I looked around. I wasn’t sure if I’d made those mistakes, but it didn’t surprise me. “Crap. Sorry.”
As things fell back into a lull and I was able to catch my breath, Miranda and I both leaned over the counter, resting on our elbows and watching the street beyond.
“I kind of want to go kick Connor’s ass for upsetting you like this.”
“It’s not his fault.”
“What do you mean?”
“It’s for the best, right? I thought the guy freaked you out.”
“I don’t know him, Maddie.” She stared out the window for a minute, and I wondered if she was picturing him in her mind. “He’s pretty hot, though.” A huge grin spread across her face.
I couldn’t help but smile. “He is. It doesn’t matter now though.” I hadn’t told her the part about Jack, about the photo.
“Why not?”
“He’s not speaking to me. He thinks I betrayed him.”
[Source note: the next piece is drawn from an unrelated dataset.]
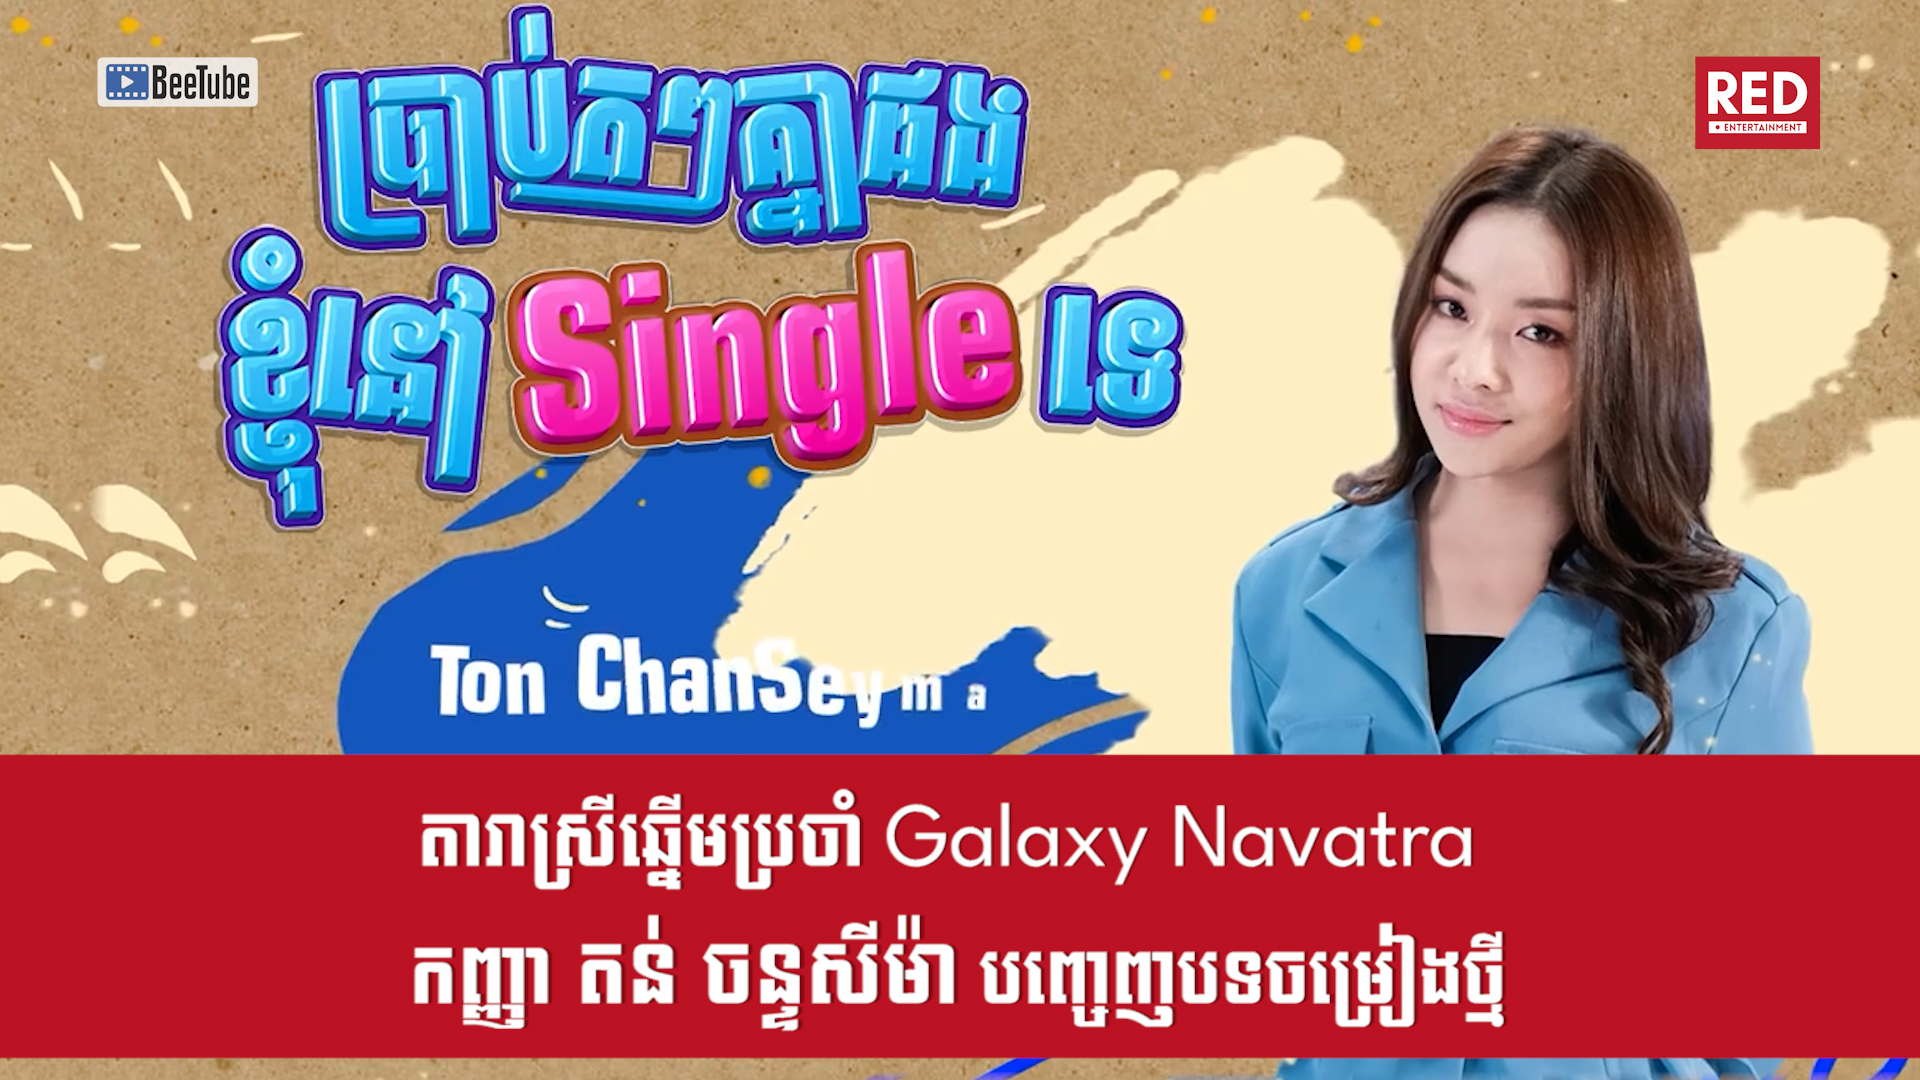 តារាចម្រៀងស្រីឆ្នើមប្រចាំផលិតកម្ម Galaxy Navatra តន់ ចន្ទសីម៉ា បញ្ចេញបទចម្រៀងថ្មី​ ប្រាប់តៗគ្នាផងខ្ញុំនៅ Single ទេ

“Betrayed him? Why does he think that?”
I opened my mouth to explain but Miranda was no longer listening to me. She was staring out the window, open-mouthed, as a long procession of police cars flew through the parking lot outside, coming out of the village.
“What’s going on?” she asked.
“I’m generally the last to know.” I watched the cars pull out onto the main highway. In the back of one car, the shadow of a figure could be seen. It was impossible to tell who it might have been, but the sinking feeling in my stomach told me I already knew. And that I’d been wrong again—about everything. The car followed the others out to the main highway and disappeared, and my heart squeezed painfully.
“Holy cow,” Miranda said under her breath. “That was some kind of serious show of force right there.”
I turned to look at her. “I don’t think that means what you think it means.”
“Whatever.” She was still staring out at where the procession of black and whites had been. “Do you think that was…?”
“I don’t know,” I said. “I hope not.”
The rest of my shift was painful. Everything I thought I’d decided, everything I thought I knew about Connor—could I really have been that wrong? I wasn’t surprised. I’d been wildly off base before, after all. But if that really had been Connor in that car, that meant the police had found enough evidence to arrest him. And if that was the case, then I hadn’t only been wrong, I’d been stupid. I’d been alone with Connor several times. I’d sought him out at his house. I’d ignored every warning anyone had given me.
That night I fell into an exhausted sleep, unsure about everything from what my life was going to become to whether my brother would be a part of it. And I was most unsure about Connor. Could I have really been so wrong about him? My heart said no, but I couldn’t stop seeing that form in the back of the police car. Had it been him? My head told me I was a horrible judge of people.